Data extract —
::::

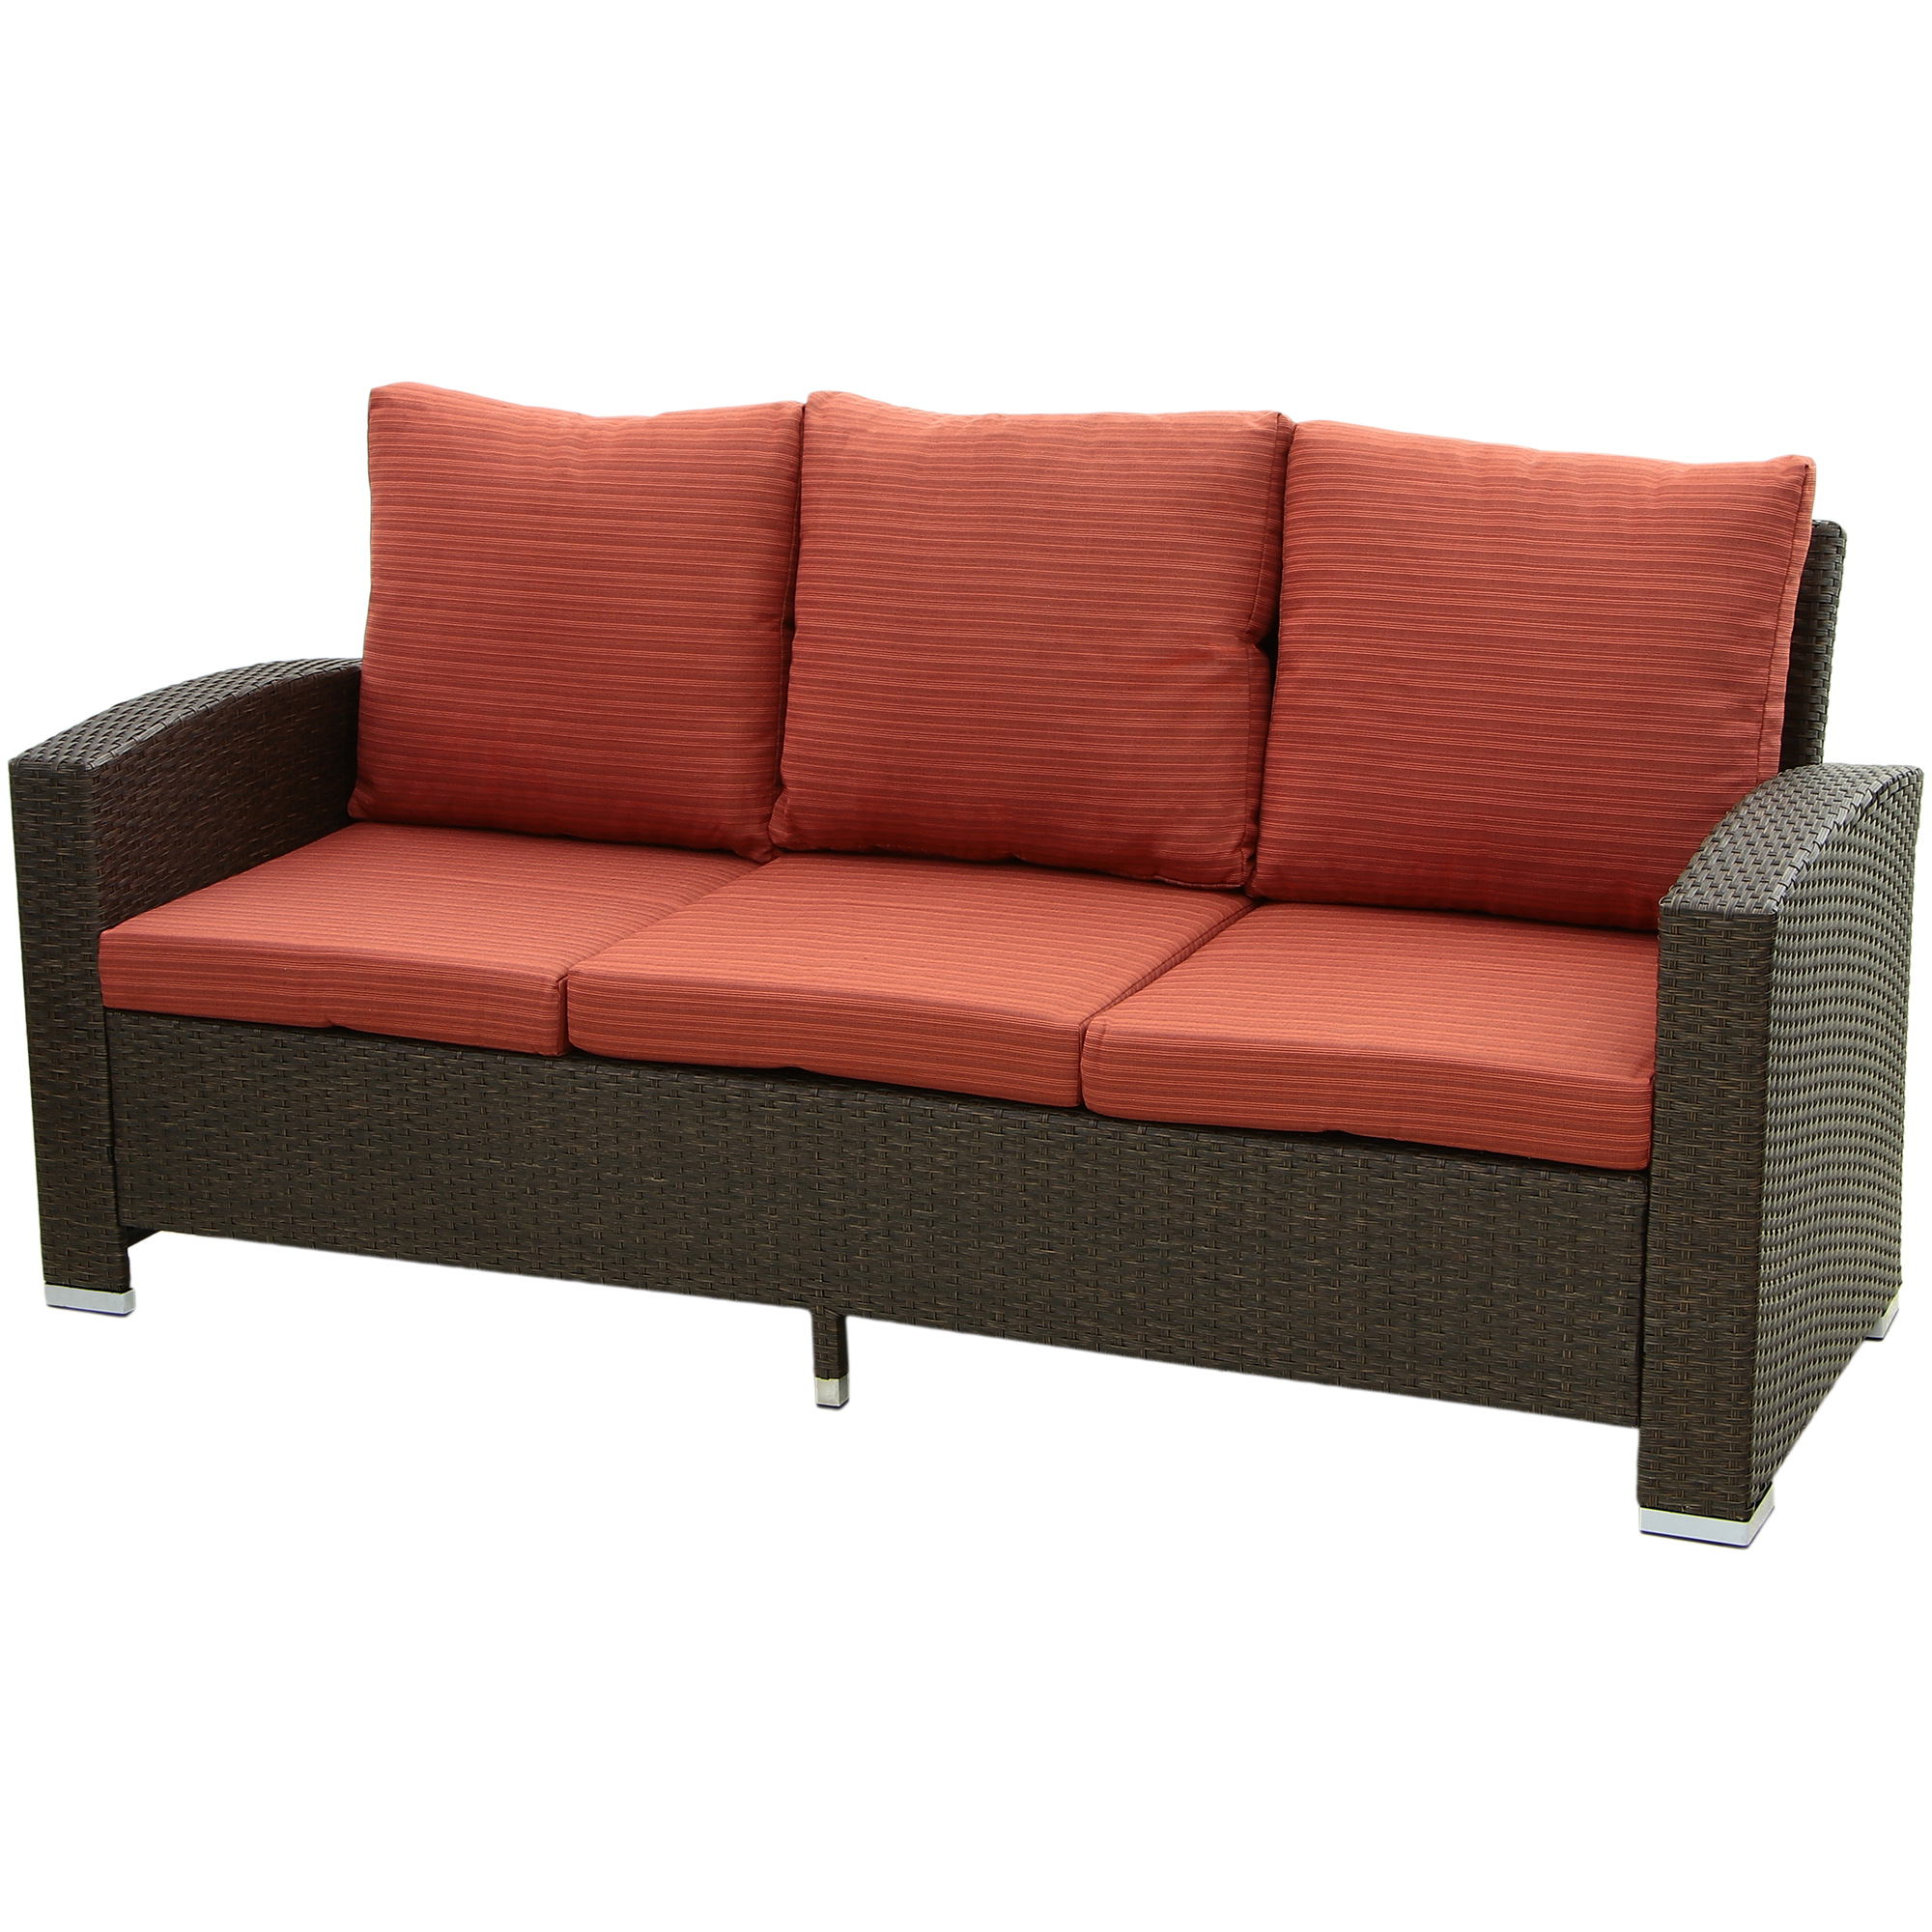 Комплект мебели Obt 5 предметов, цвет коричневый, размер 180х82х81 см - фото 2
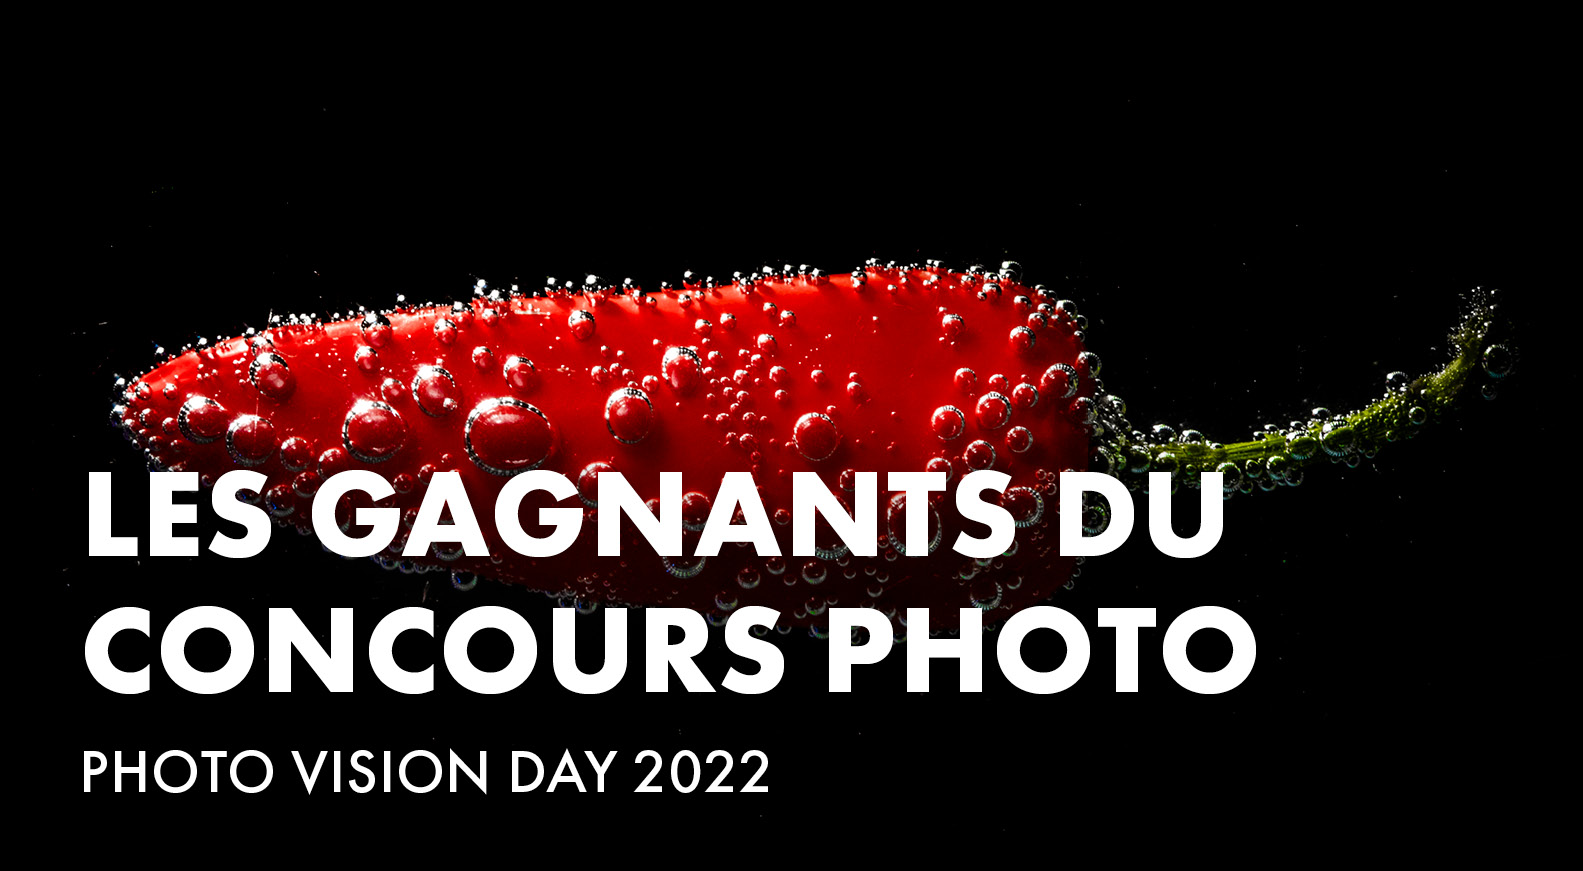 Les gagnants du concours Photo Vision Day 2022
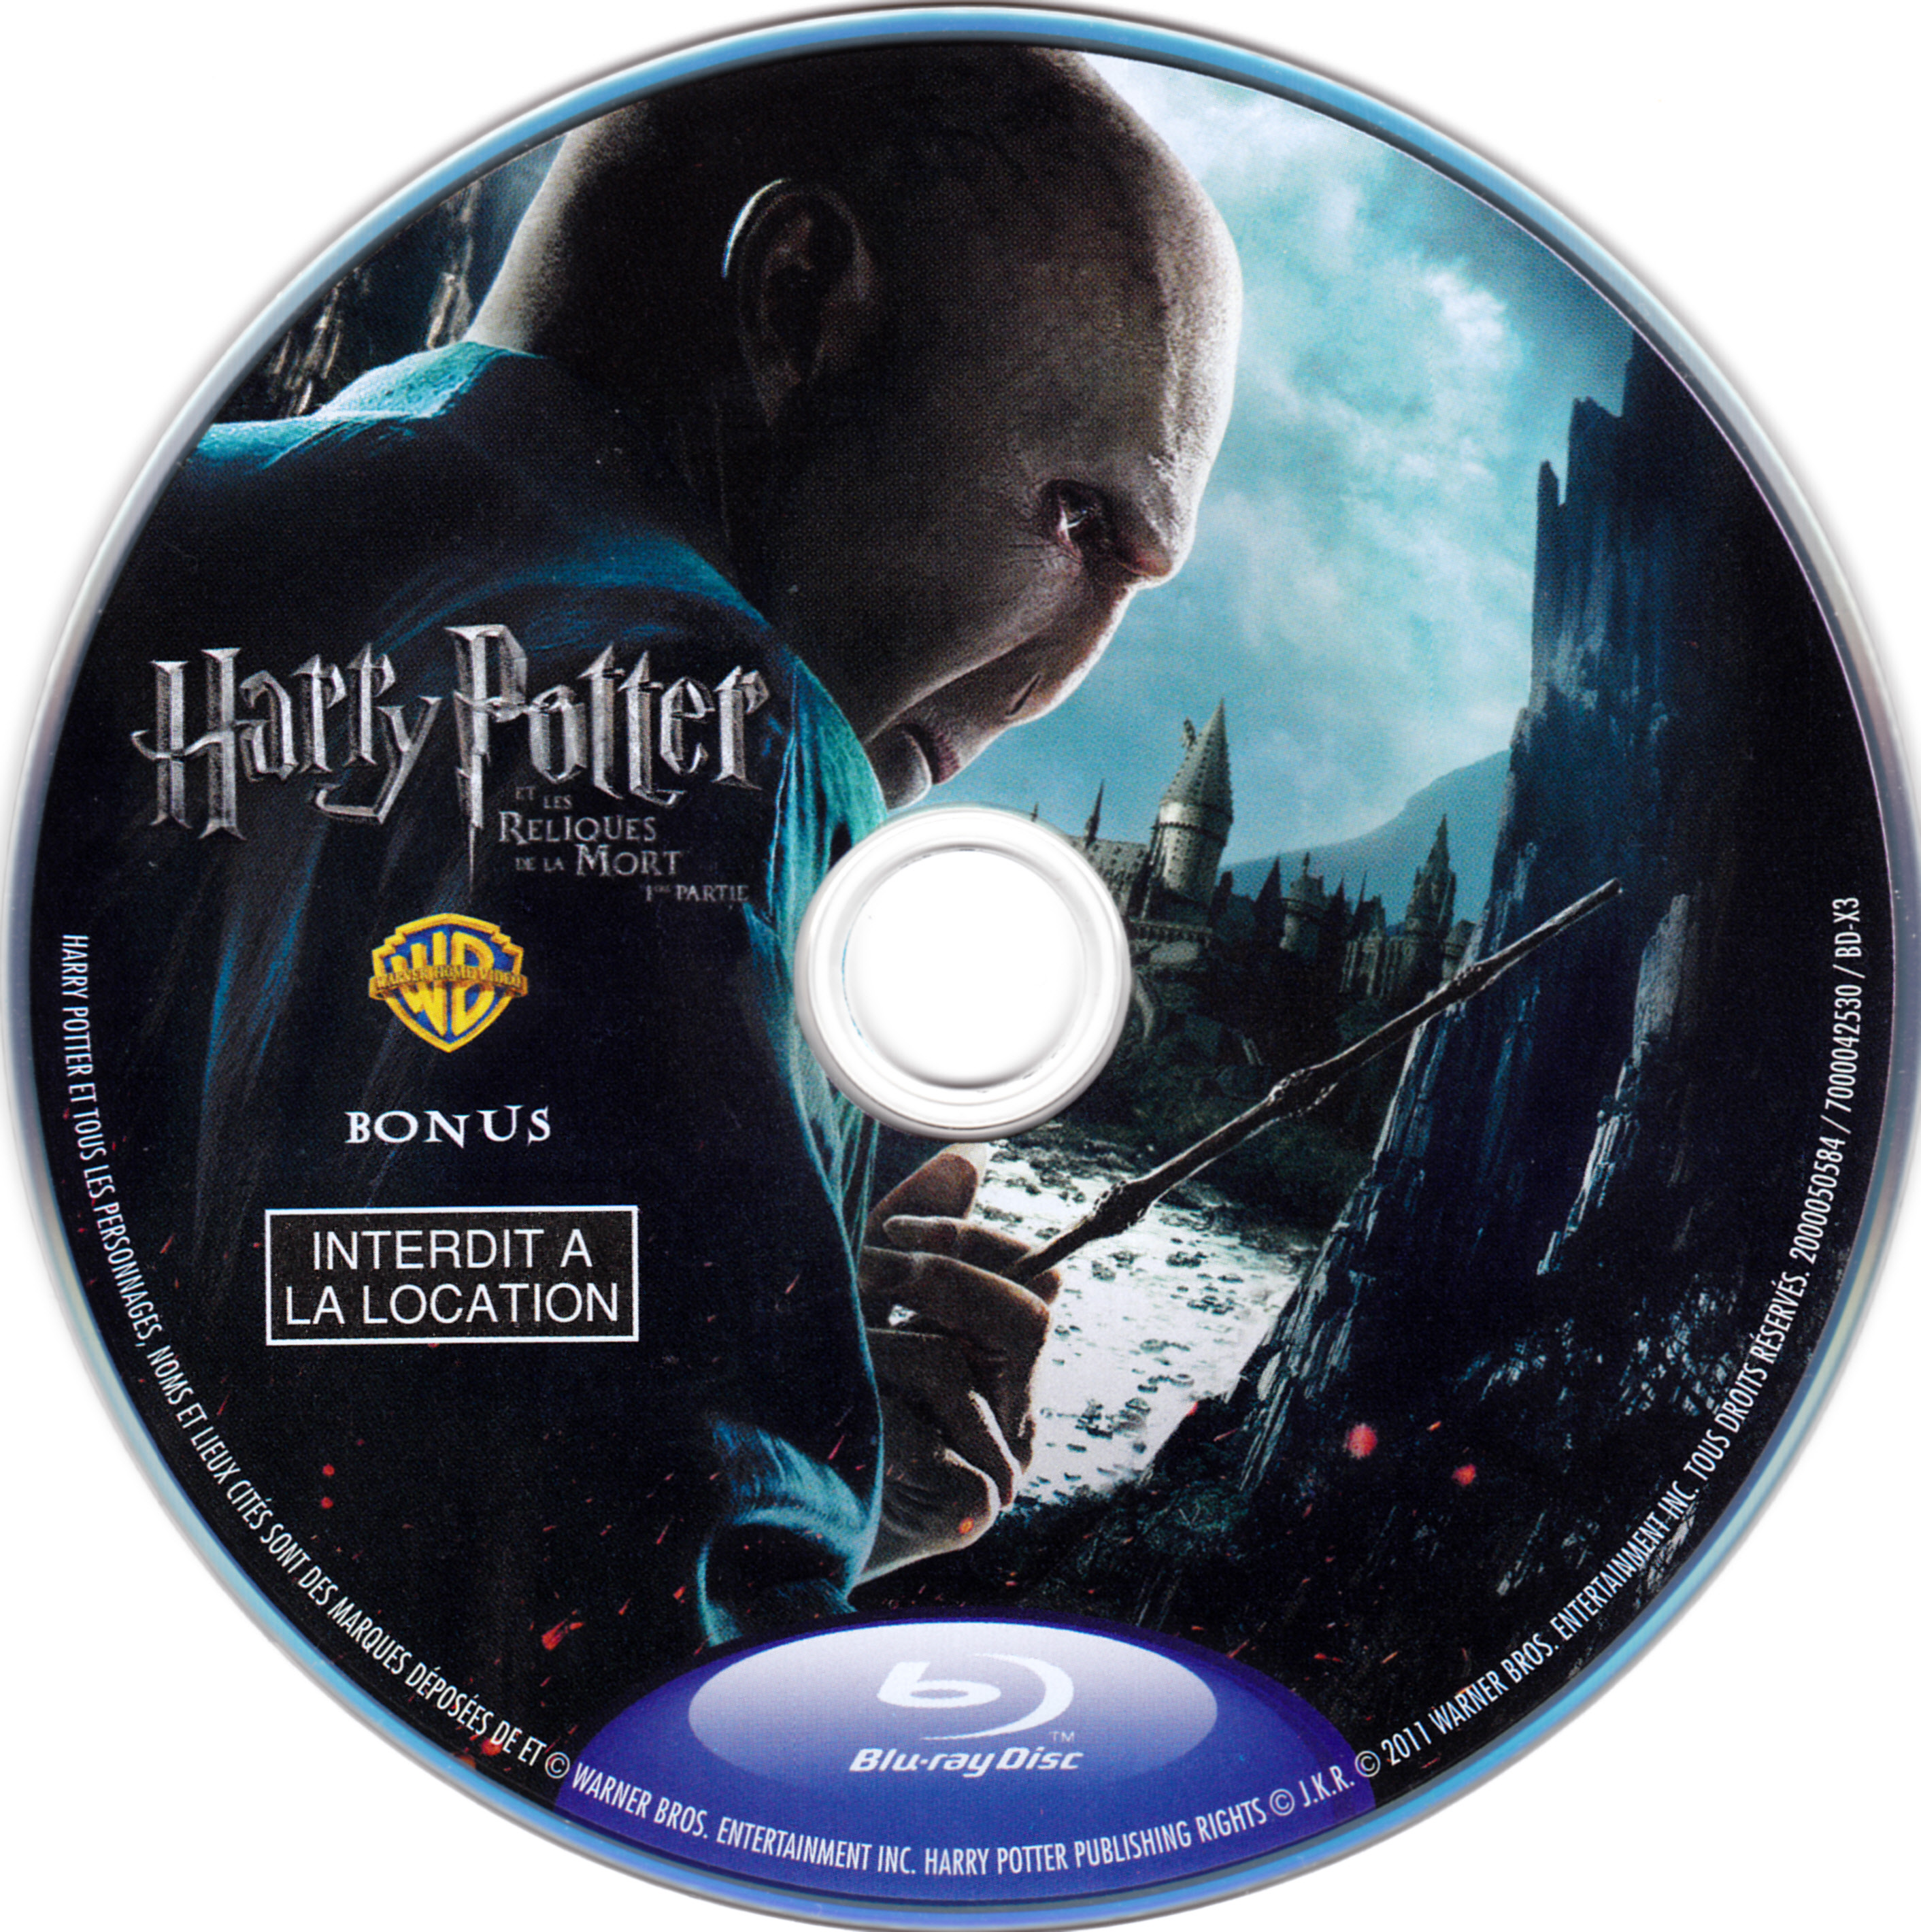 Harry Potter et les reliques de la mort - 1re partie (BONUS) (BLU-RAY)

::::

What the task requires — Only the text of the material belongs in your copy, which must match the original exactly.

Result of the task —
 Комплект мебели Obt 5 предметов, цвет коричневый, размер 180х82х81 см - фото 2
 Les gagnants du concours Photo Vision Day 2022
 Harry Potter et les reliques de la mort - 1re partie (BONUS) (BLU-RAY)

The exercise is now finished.